Stakeholder engagement practices are on the rise in regulatory governance. This raises an important question regarding implications for regulatory legitimacy. Engagement mechanisms are not by default legitimizing: Even when initiated to tap into an array of ‘benevolent’ desiderata, unless carefully balanced and built-for-purpose, they can become conduits for de-legitimation

Caelesta Braun & Madalina Busuioc
23 November 2020
Taylor & Francis Online: Stakeholder engagement as a conduit for regulatory legitimacy?
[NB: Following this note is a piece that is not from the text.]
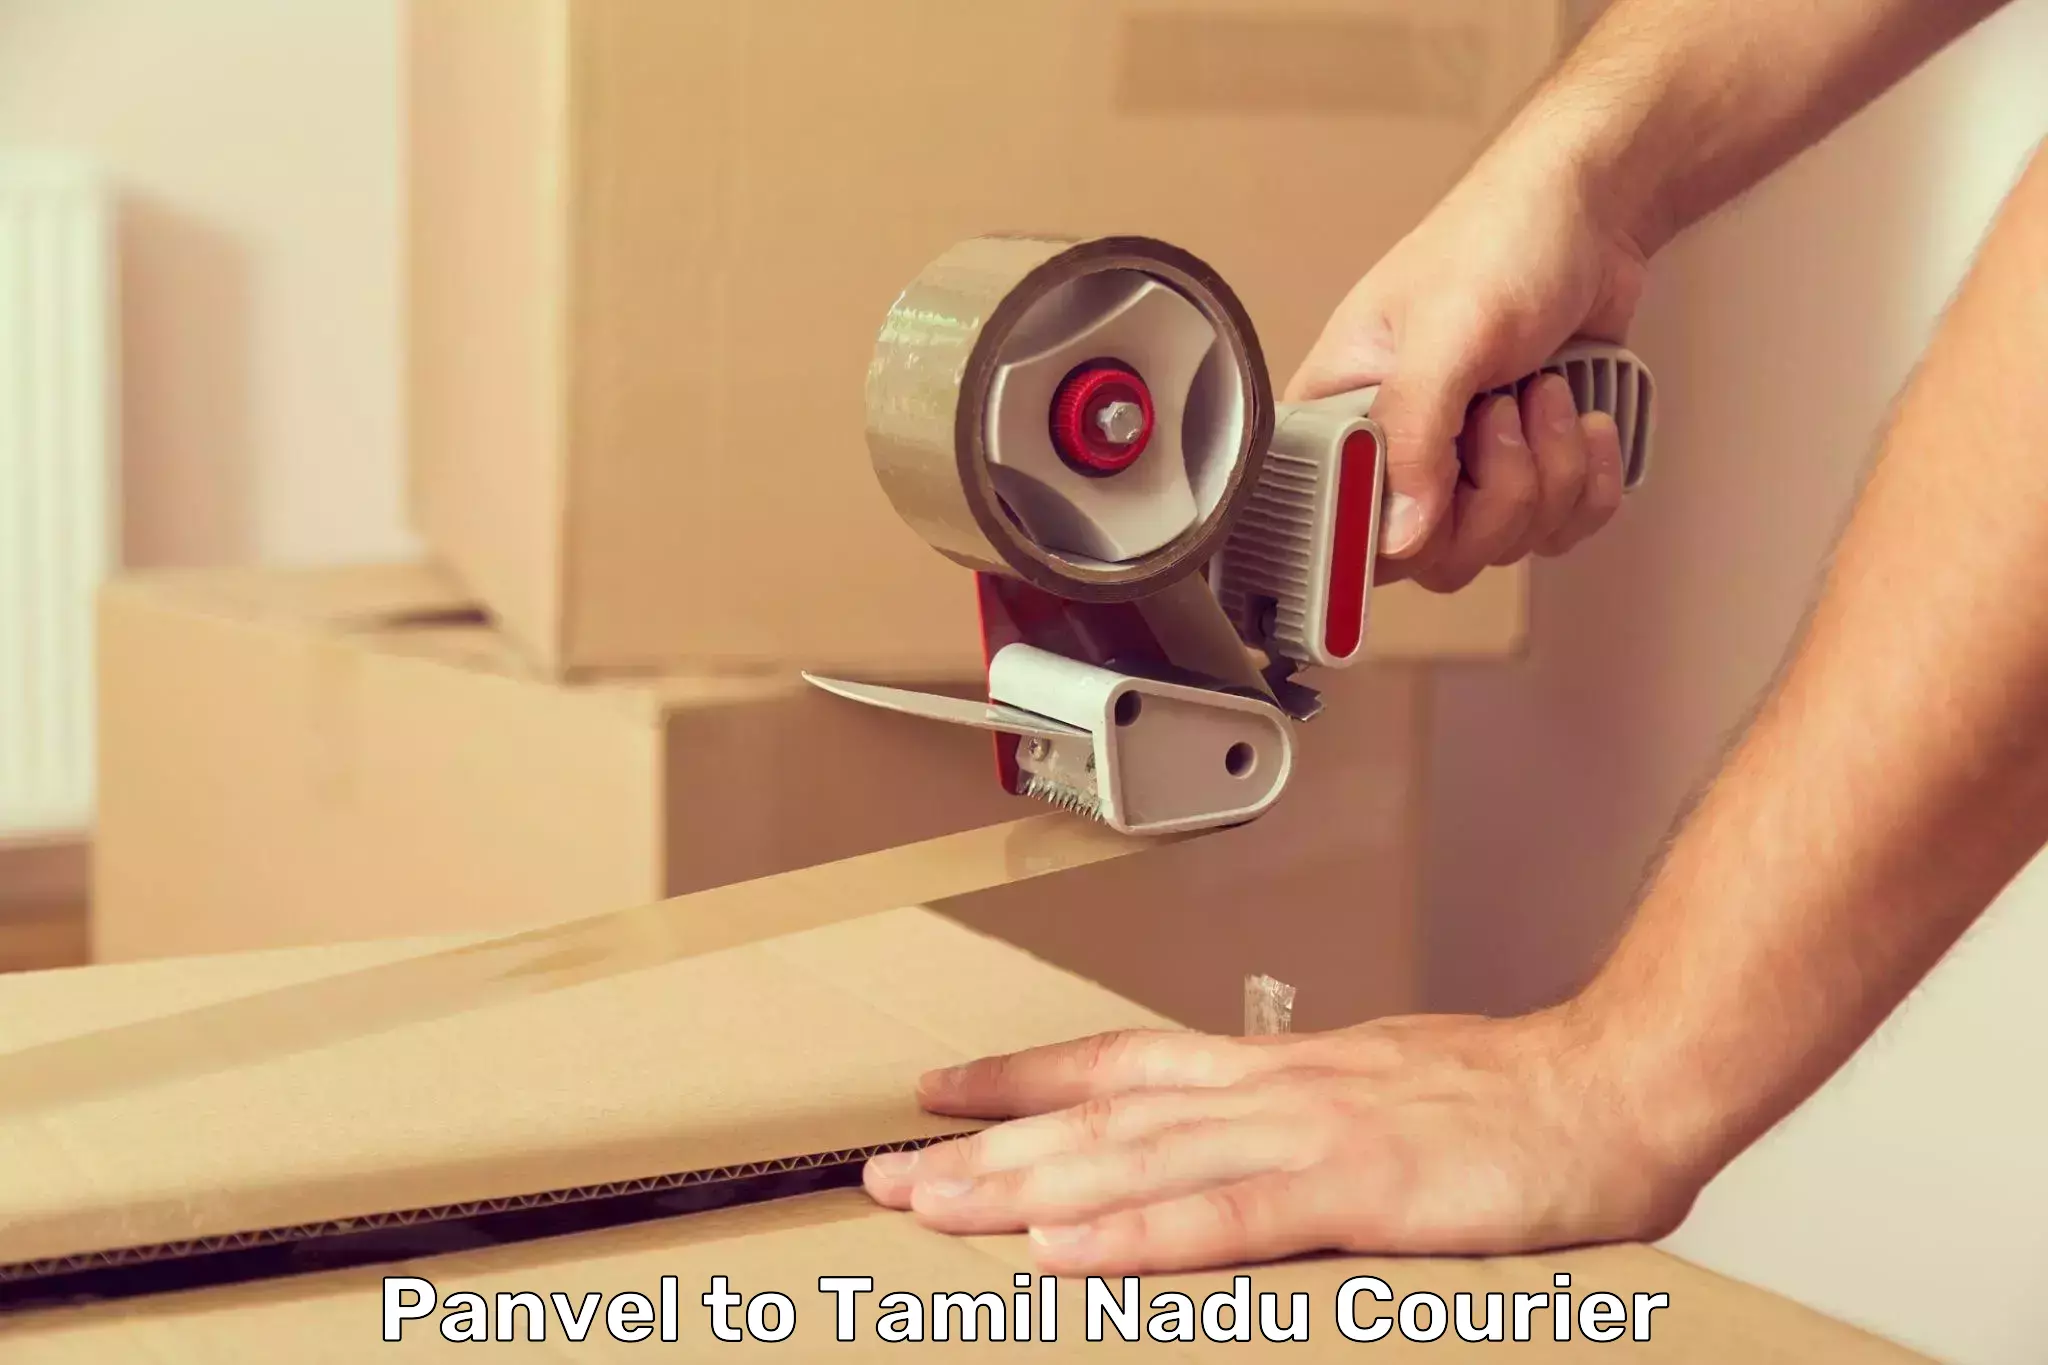 Easy return solutions Panvel to Tamil Nadu

Much like Schrödinger’s cat, neither dead nor alive, so too can stakeholder engagement be, in principle, a source of legitimation and de-legitimation. We suggest three distinct sets of explanatory factors to assess the (de-)legitimizing nature of stakeholder engagement: contextual determinants, the institutional design of specific engagement arrangements, and organizational rationales and individual preferences. Taken as a whole, the documented broadening and deepening of engagement in regulatory governance, points at a more encompassing transition of the regulatory state, away from its traditional legitimizing tenants. Unless carefully tailored, this transition risks eroding the distinguishing features that underpin the regulatory state’s very claim to authority. We highlight that addressing contemporary societal challenges and many of the regulatory conundrums associated with them calls simultaneously for independent expertise necessarily grounded in the much-needed (but carefully-balanced) audience support that sustains regulatory authority.